On 17 December 2019, the space telescope CHEOPS (CHaracterising ExOPlanet Satellite) will launch into space to begin a 3.5-year mission to investigate exoplanets (planets outside our Solar System).
CHEOPS will work by observing stars known to have planets orbiting them and measuring tiny changes in brightness that occur when an orbiting planet passes in front of them.
Since these brightness changes are proportional to the surface of the transit planet, it will be able to measure the size of the planets.
Read more about exoplanet-hunting missions:
The mission will target planets larger than Earth and smaller than Neptune.
Taking off onboard a Soyuz rocket from the European Space Agency's spaceport in Kourou, French Guiana, alongside a payload comprising a satellite belonging to Italy’s Cosmo-SkyMed and five nanosatellites, so-called ‘CubeSats’, the CHEOPS telescope will be freed of its rocket after just 140 minutes and will go into orbit 700km above Earth.
All being well, the telescope will begin returning data early in 2020 to CHEOPS Mission Control in Madrid and CHEOPS Science Operations in Geneva.
After seven years of preparation, the launch won’t be without nerves.
David Ehrenreich, CHEOPS Mission Scientist, says: “I will only really be able to sleep peacefully again once CHEOPS has reached its orbit and is fully functional.”
CHEOPS will follow up on hundreds of bright, planet-hosting stars identified by ground-based spectroscopic surveys in recent years and will use ultra-high-precision photometry to measure miniscule changes in brightness caused by the transiting planets.
Unlike, for example, the TESS (Transiting Exoplanet Survey Satellite)Mission, CHEOPS’ specific focus is exoplanets already identified.
“By targeting known systems, we know exactly where to look in the sky and when in order to capture exoplanet transits very efficiently,” says Willy Benz, CHEOPS principal investigator at the University of Bern, Switzerland.
I can’t believe we are the only living entity in the Universe.
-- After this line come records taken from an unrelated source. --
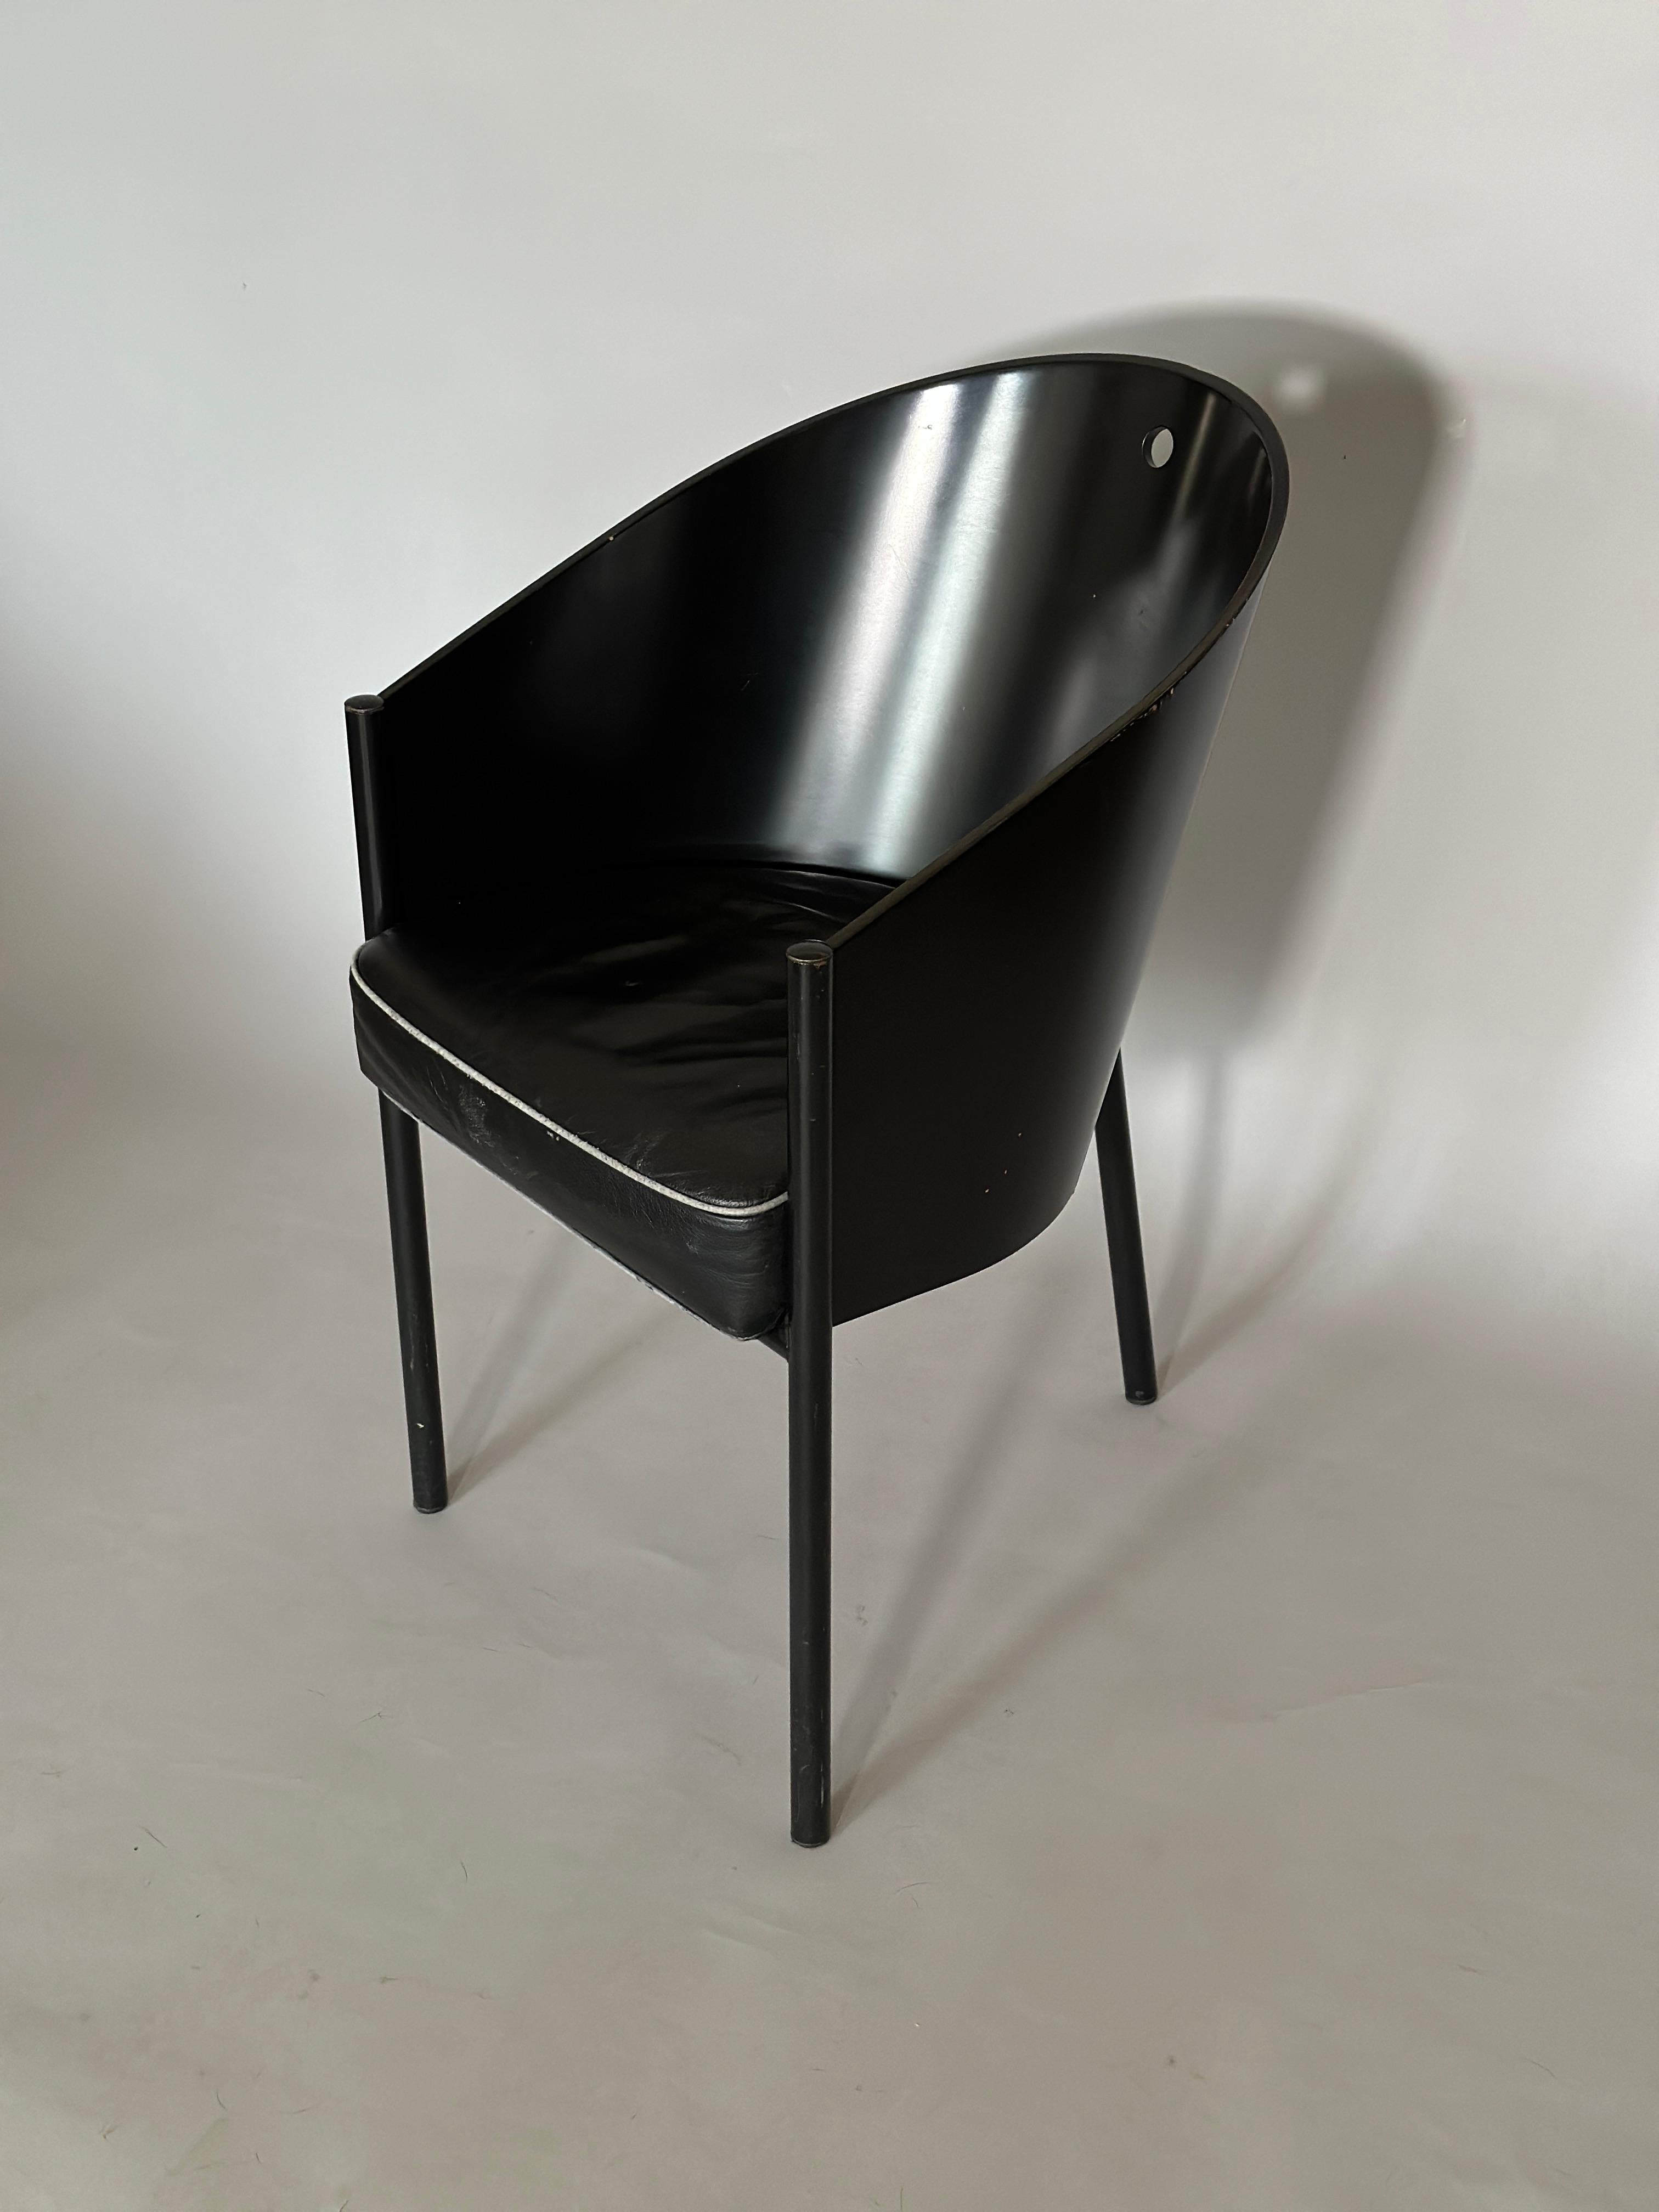 Vintage Costes Chair by Philippr Starck for Aleph 1980s In Good Condition For Sale In Čelinac, BA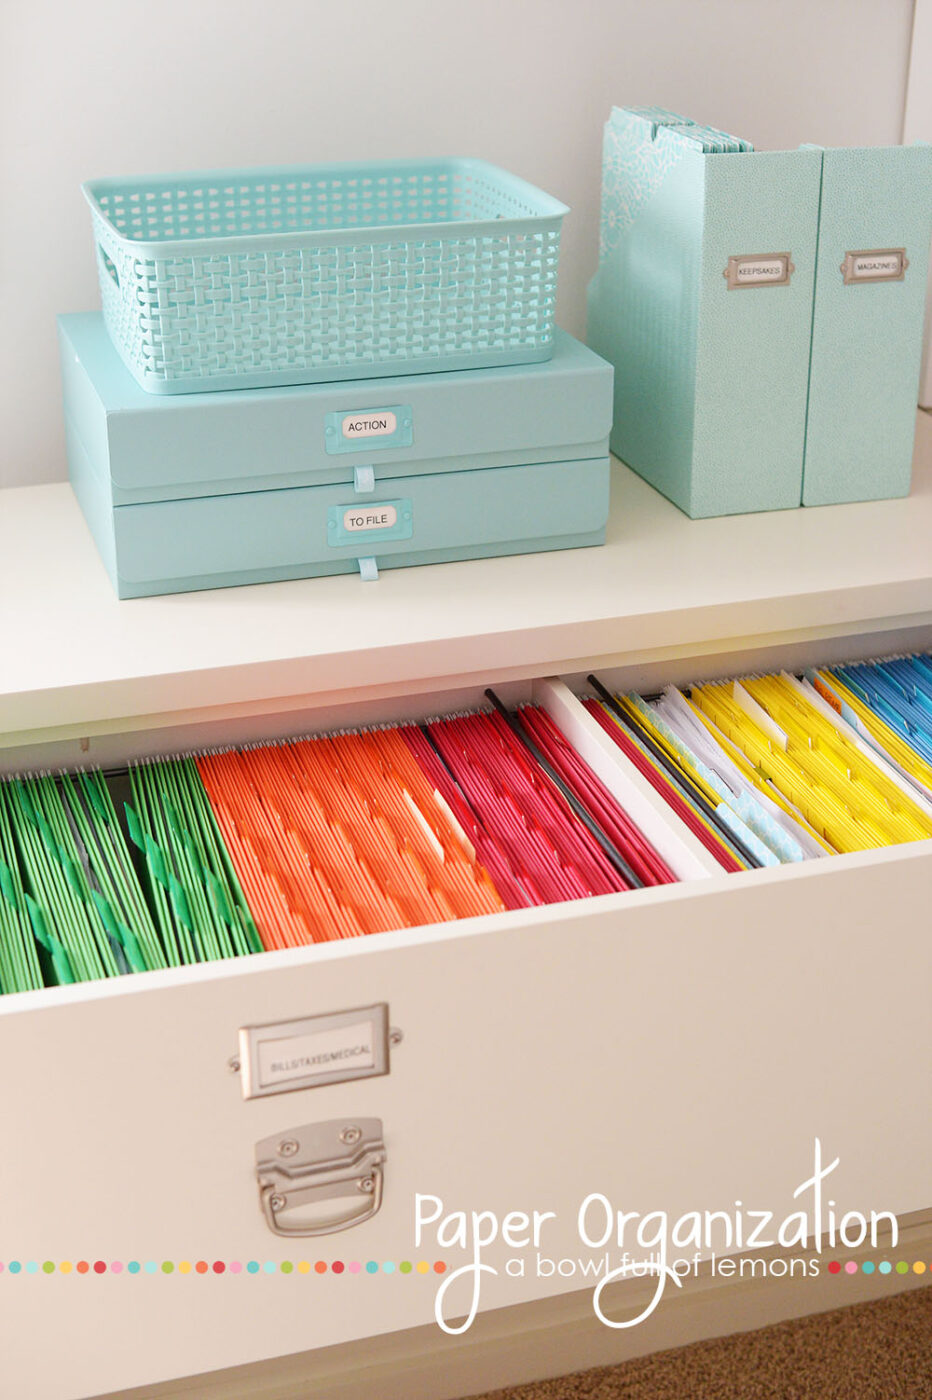 Easy DIY Hacks to Organize Your Paper Clutter - Paper Clutter, diy organization projects, DIY Organization Ideas, diy organization hacks, DIY Hacks to Organize Your Paper Clutter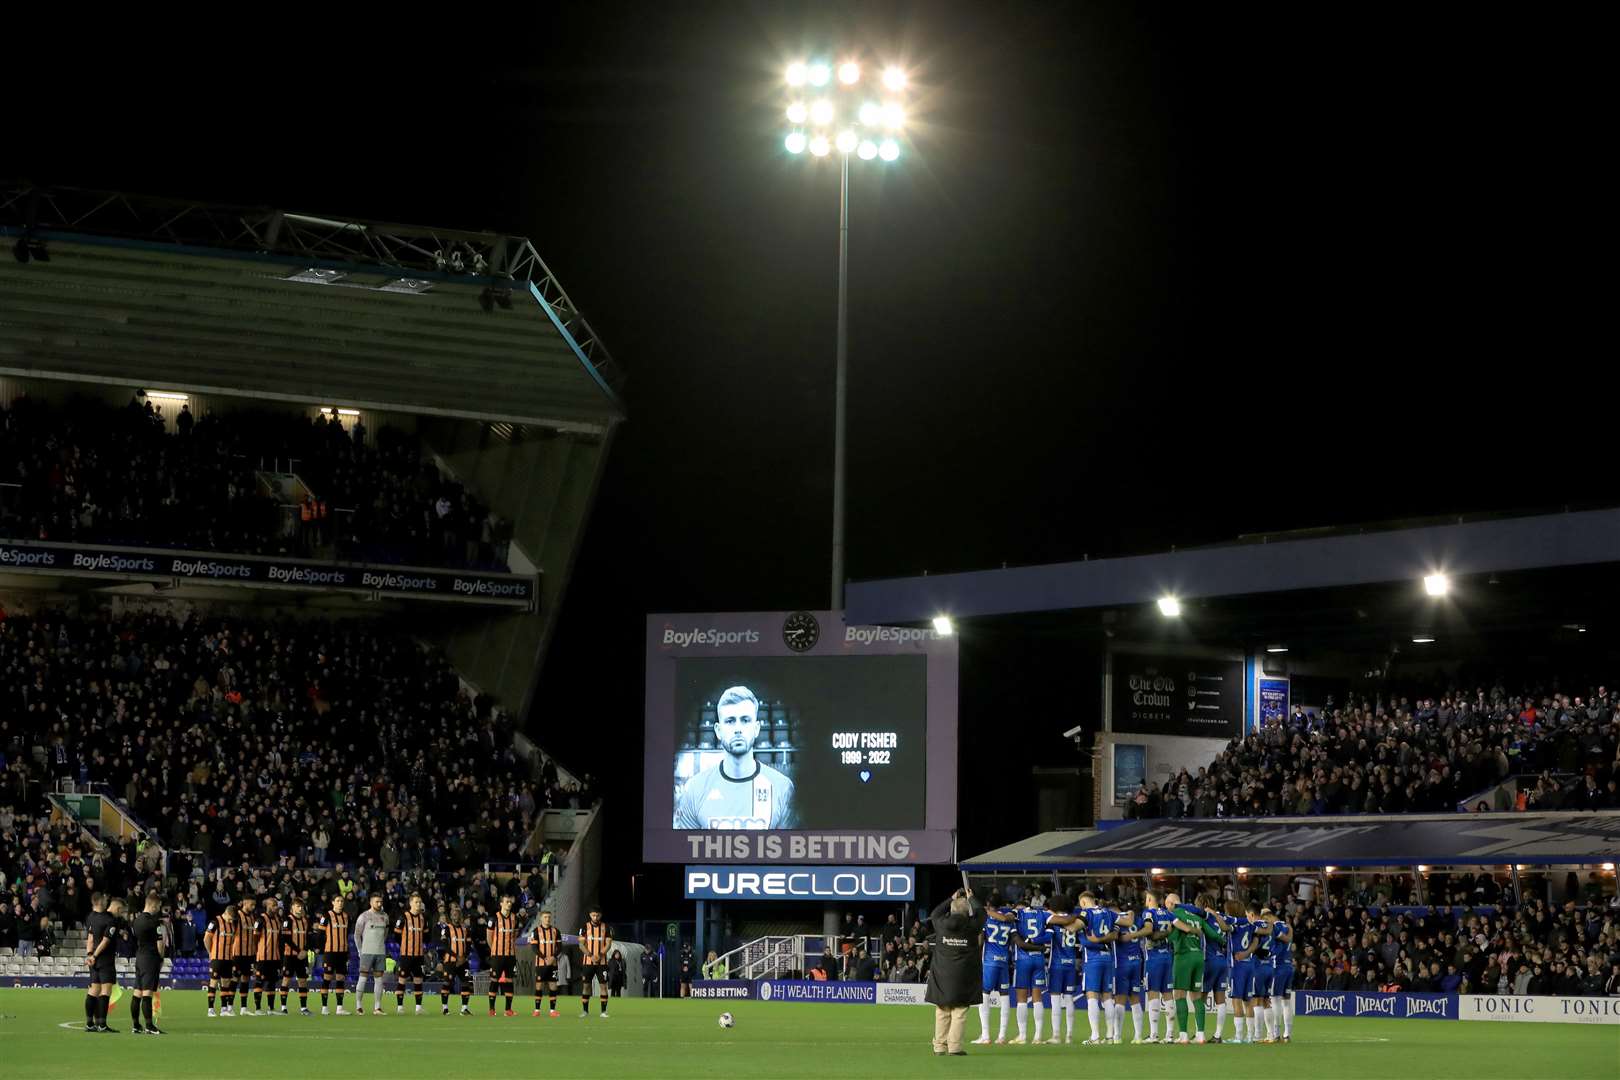 A minute’s silence was held for Cody Fisher at Birmingham City football club’s ground days after his death (Bradley Collyer/PA)

There are too many planets, too many stars, and the chemistry is universal.
Didier Queloz, CHEOPS science team chair.
Measurements of planet size, combined with existing data about the masses of planets, will help researchers establish the exoplanets’ mean density, composition and structure – whether, for example, they are ice giants like Neptune, lava worlds, or rocky, ocean-bearing planets like Earth.
One driver will be finding which exoplanets may feasibly support life.
The CHEOPS science team is chaired by Didier Queloz, 2019 winner of the Nobel Prize for Physics for his work discovering exoplanets.
Queloz recently predicted that humans will discover extraterrestrial life in the next 30 years:
“I can’t believe we are the only living entity in the Universe. There are just way [too] many planets, way too many stars, and the chemistry is Universal.
The chemistry that led to life has to happen elsewhere. So I am a strong believer that there must be life elsewhere.”